Конструкторский отдел занимал несколько полутемных – из-за толстых стен здания и небольших окон – комнат, выходящих на улицу Станкевича. Более светлые комнаты с большими окнами-витринами, смотрящими на улицу Горького, были отданы под кабинеты начальства и архитектурному отделу.
У М.А. Рудника было два заместителя: Илютович и Шейнфайн; Илютович занимался линиями метро мелкого заложения, Шейнфайн – глубокого.
В 1934 году в конструкторском отделе было шесть групп, руководителями которых были Н.М. Комаров, А.Ф. Денищенко и Е.М. Гринзайд – по глубокому заложению и Н.А. Кабанов, Л.В. Воронецкий и Н.И. Ушаков – по мелкому заложению. Я попала в группу Александра Федоровича Денищенко, занимавшуюся тогда проектированием станции «Площадь Дзержинского».

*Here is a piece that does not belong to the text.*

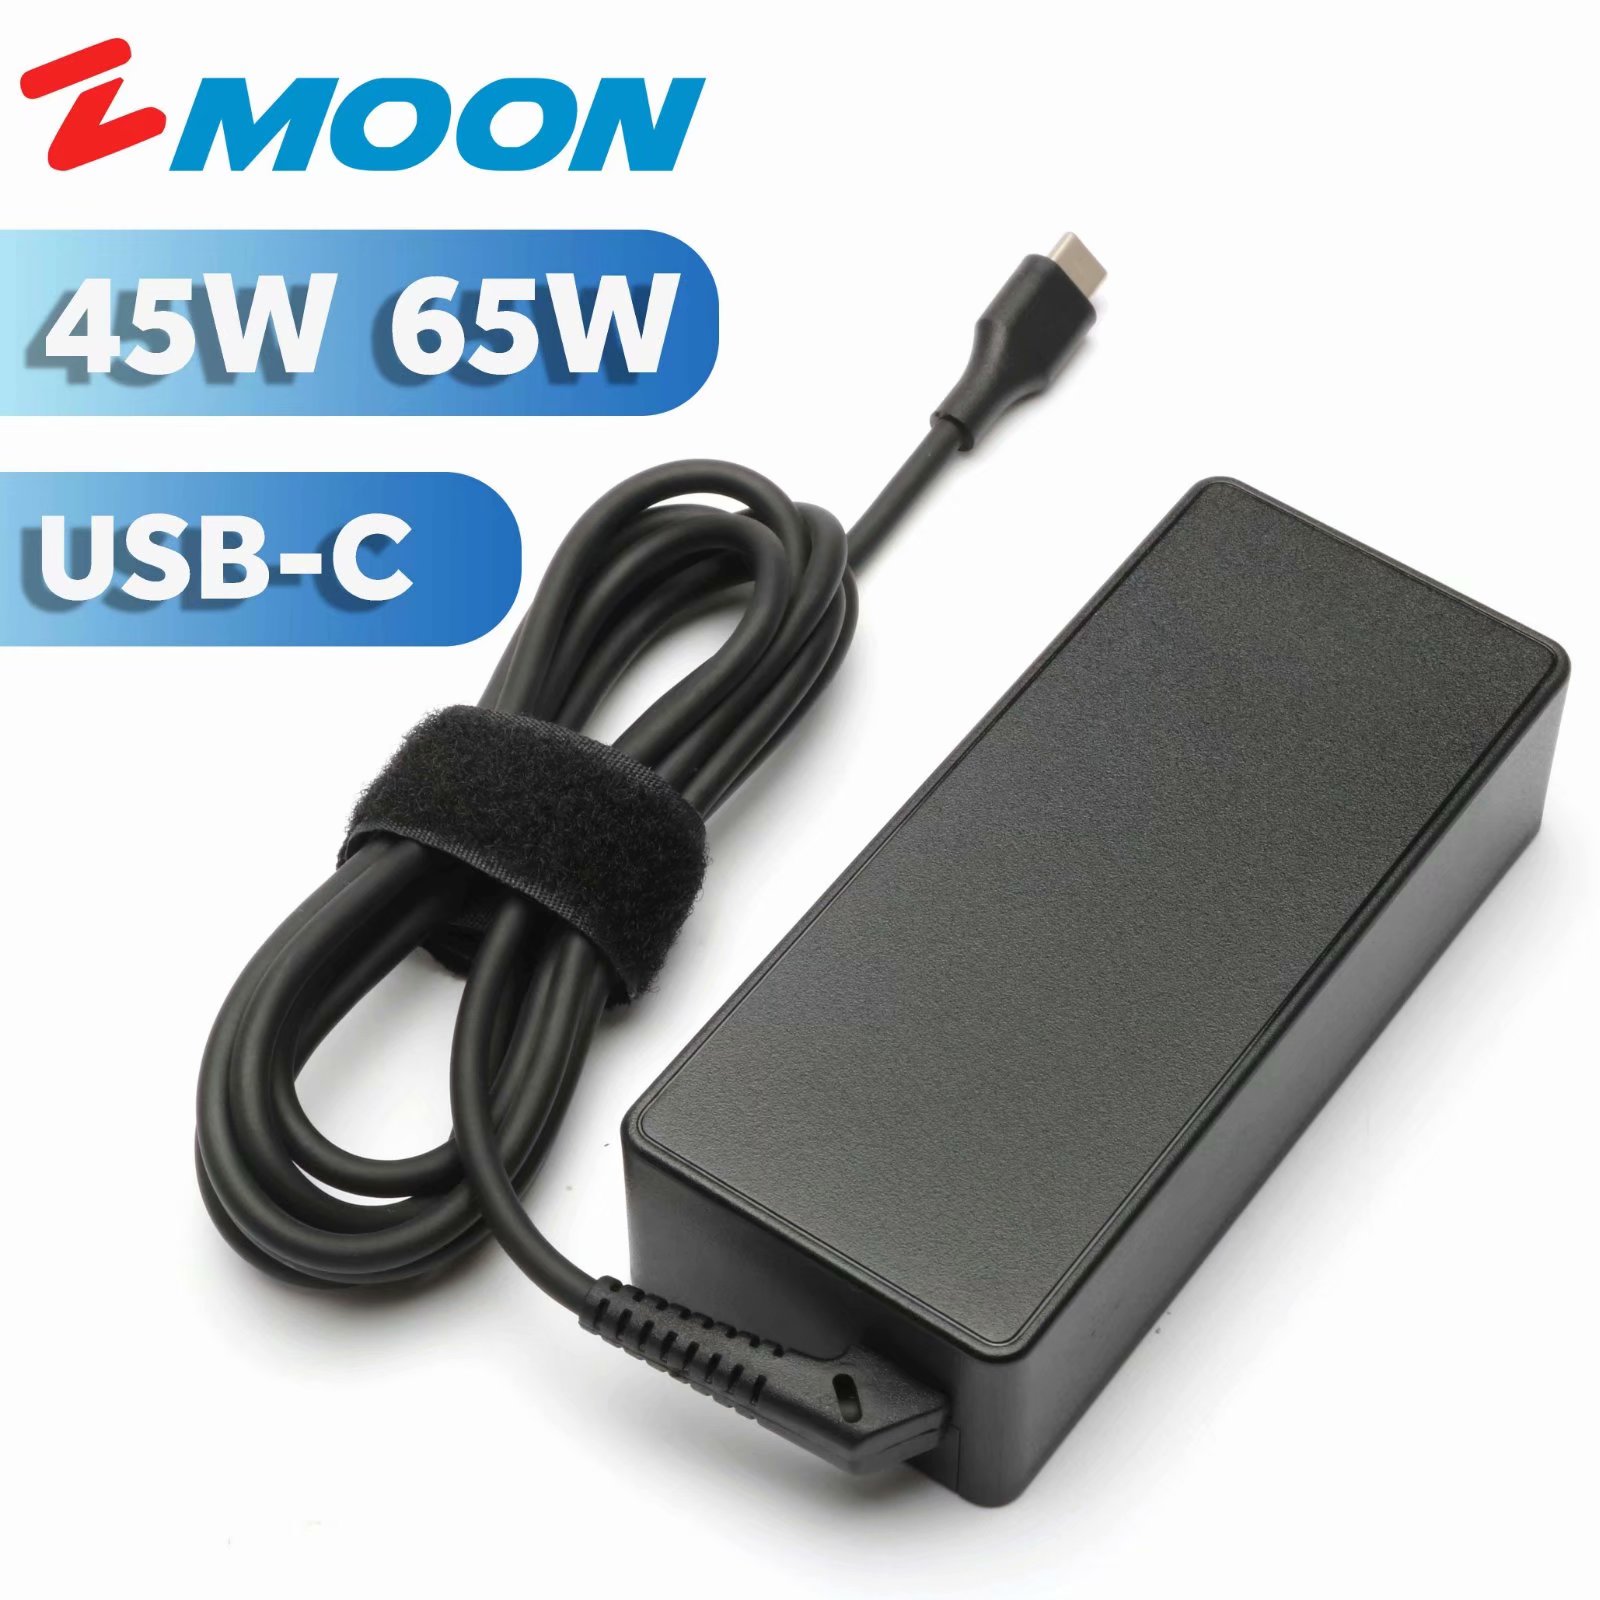 Laptop Charger for Lenovo 65w USB-C USB Type C USBC Thinkpad X1 T480 T580 T470 Yoga C930 720 S730 910 920 C630 GX20M33579 4X20M26268 Chromebook 330 S330 X270 X280 GX20P92530 Miix 720 Adapter - image 1 of 11

Я застала тот момент в проектировании конструкций, когда только создавалась станционная чугунная обделка и рамные тюбинги к ним. Денищенко сам лепил их из пластилина, чтобы яснее представить их себе и объяснить тем, кто будет их вычерчивать.
Первым моим заданием было составление рабочих чертежей подземного вестибюля станции «Площадь Дзержинского». Я должна была рассчитать на прочность все конструкции этого вестибюля и сделать рабочие чертежи, по которым осуществляется строительство. И я сразу же принялась за дело. Я так соскучилась по проектной работе, что готова была свернуть горы!
Вскоре после моего поступления в Метропроект состоялось общее собрание сотрудников конструкторского отдела. Начальник отдела сказал, что работы очень много, чтобы с ней справиться, надо каждому выполнить четыреста процентов от нормы. Сотрудники, привыкшие к подобным заявлениям, отнеслись к этому спокойно. Но не я – я приняла это всерьез и, так как работать мне было интересно и совсем не трудно, выполнила эти четыреста процентов плана.
Работа была сдельная, и я привела руководителя группы Денищенко в полное замешательство, заработав много денег. Начальство не знало, как можно заплатить такую сумму за месяц только что поступившему молодому инженеру. Какой они нашли выход, мне неизвестно, заплатили много, но, наверное, не в четыре раза, а, может быть, в два или в два с половиной раза больше по сравнению с другими инженерами. Появилась и статья в стенной газете под заголовком «Равняйтесь по Пирожковой!» Так в первый же месяц работы я стала знаменитостью Метропроекта.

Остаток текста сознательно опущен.